— Ты сначала отбери белье, которое очень грязное, а которое почище — отложи. Мылом намыливай после того, как вещи отмокнут. Намыливай только воротники и там, где грязные пятна, а остальное в мыльной воде отмоется.
Этот урок принес мне пользу. Я скоро приспособился и не тратил зря ни одной крошки мыла.
Работая целый день в сырости, я к вечеру очень уставал. Приходил в камеру, кое-как ужинал, валился на постель и засыпал. Так изо дня в день, пока я не отбыл наложенного на меня взыскания за побег.
— Не делай неудачных побегов, — ворчал я на себя во время стирки.
Жизнь камеры по-прежнему протекала в жарких политических схватках.

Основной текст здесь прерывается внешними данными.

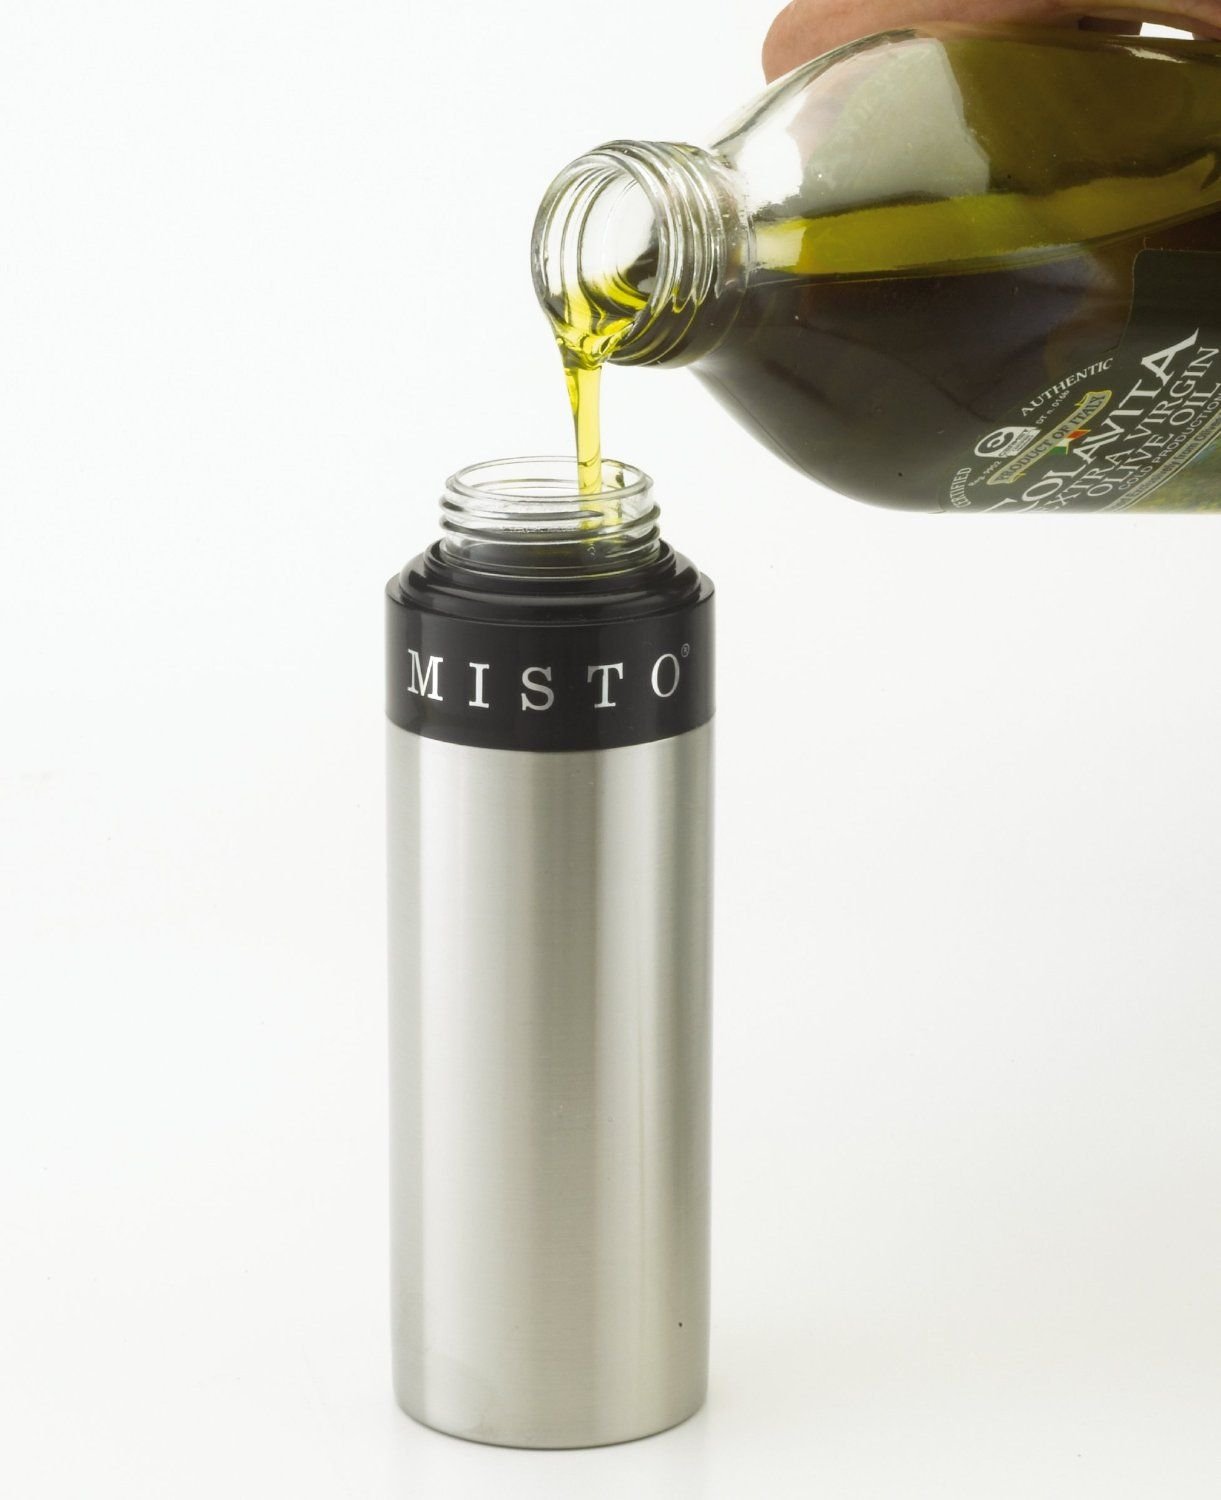 Misto Brushed Aluminum Gourmet Olive Oil Sprayer - image 4 of 5
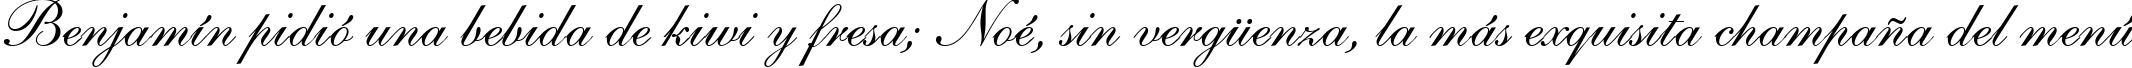 Пример написания шрифтом English 111 Adagio BT текста на испанском

Выпускаемые иркутскими газетами военные сводки допускались администрацией в камеры, и дискуссии шли на основе свежих материалов о военном и политическом положении страны.
Через шесть недель после окончания работы в прачечной меня вызвали в контору и вручили мне повестку Иркутского окружного суда явиться по делу о подкопе в иркутской тюрьме.
— Через неделю мы вас отправим, — объявил мне дежурный помощник.
Пройтись, встряхнуться было неплохо. Может, и случай удобный выпадет удастся убежать. Однако воспоминания об иркутской тюрьме вызывали болезненную тоску: «Опять придется столкнуться со всем тамошним начальством… И кто знает, чем может кончиться для меня эта новая встреча…»
Отправили всех, кто участвовал в подкопе. Маршрут наш был через Усолье, а оттуда — поездом до Иркутска. Кончалось лето: лес только-что зажелтел, на полях началась жатва. Мы шли, не торопясь, жадно вдыхая смолистый запах лесов. Скоро кончились перелески, и мы вышли к берегу кристально-чистых, сверкающих вод красавицы Ангары.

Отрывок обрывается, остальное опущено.